Germany's
relative strength in the aftermath of a major financial crisis leading to a
sovereign-debt crisis stems from factual evidence rather than virtuous political
or intellectual principle.
It is most unfortunate that not even France - La France - could hold its ground
from a position of internal strength.
Most
European economies are now fundamentally weak - some weaker than others - most
face exceptionally high levels of government debt and structurally unbalanced
budgets.
In the Eurozone or outside of it only a handful of the 27 show some resilience
partly dented by ongoing troubles elsewhere. A vicious circle set in to which
new challenges piled on with a vengeance.
A
multiple whammy that European economies - for the most part - aren't yet
rallying from.
Many just barely gasping for breath or too busy fulfilling targets set by the
Troika, others figuring where growth is to come from.
Germany,
though facing a temporary slowdown, emerged naturally as the single big country
still boasting a vast manufacturing base - able to respond quickly to any surge
in demand from wherever.
The German State boasts generally balanced government books.

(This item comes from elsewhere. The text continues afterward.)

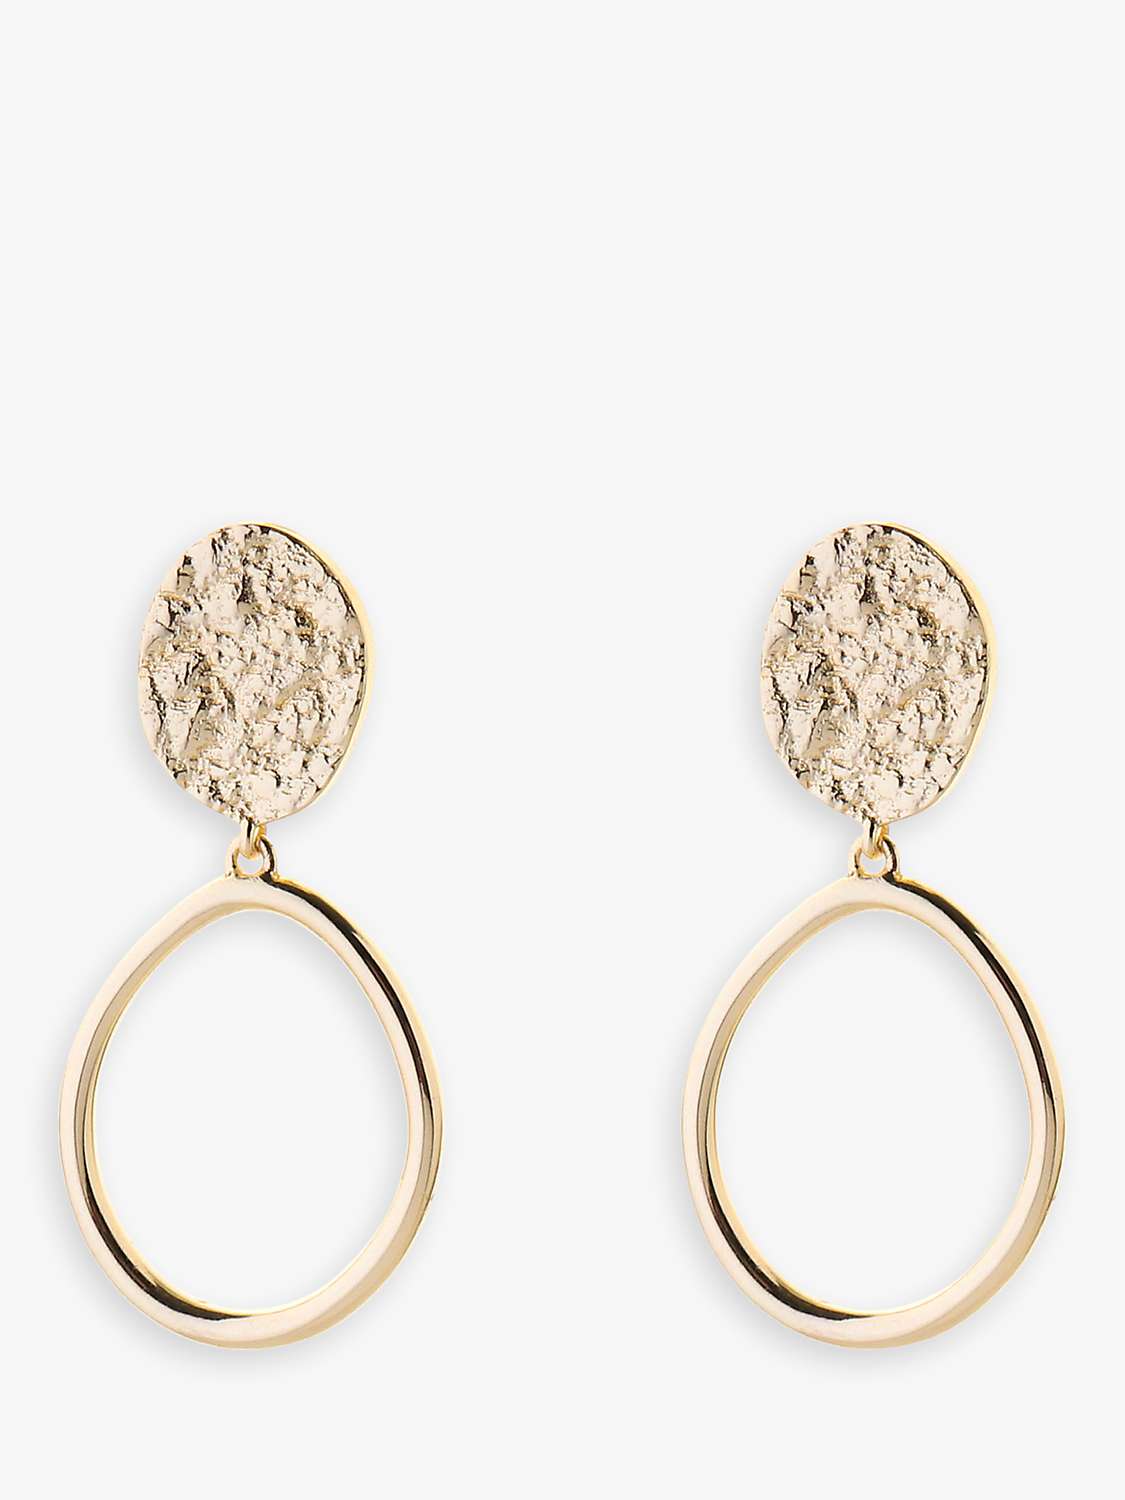 Buy Tutti & Co Textured Oval Drop Earrings, Gold Online at johnlewis.com

A creditor country whose vast trade and current account surpluses over many
years are sustained by and adequately mirror its internal set-up.
Adjustment
in other countries' economies (and societies) is a long term process by
definition. It cannot happen overnight, less so when the downturn was/is
exacerbated by austerity adopted by so many neighbours at the same time.
This has got to be a transition period to a new European order.
Germany's interests are best served if the EU thrives as a whole.
Every
single Eurozone country - facing different problems, or same of differing
magnitude some of which overlap - must strive to get their economies to
generate wealth, thus growing out of their current predicament.
None of it can be achieved by goodwill or decree but Europeans yearn for (and
direly need) EU-wide political
inspiration they can review themselves in.
As
it stands looks like that is asking too much.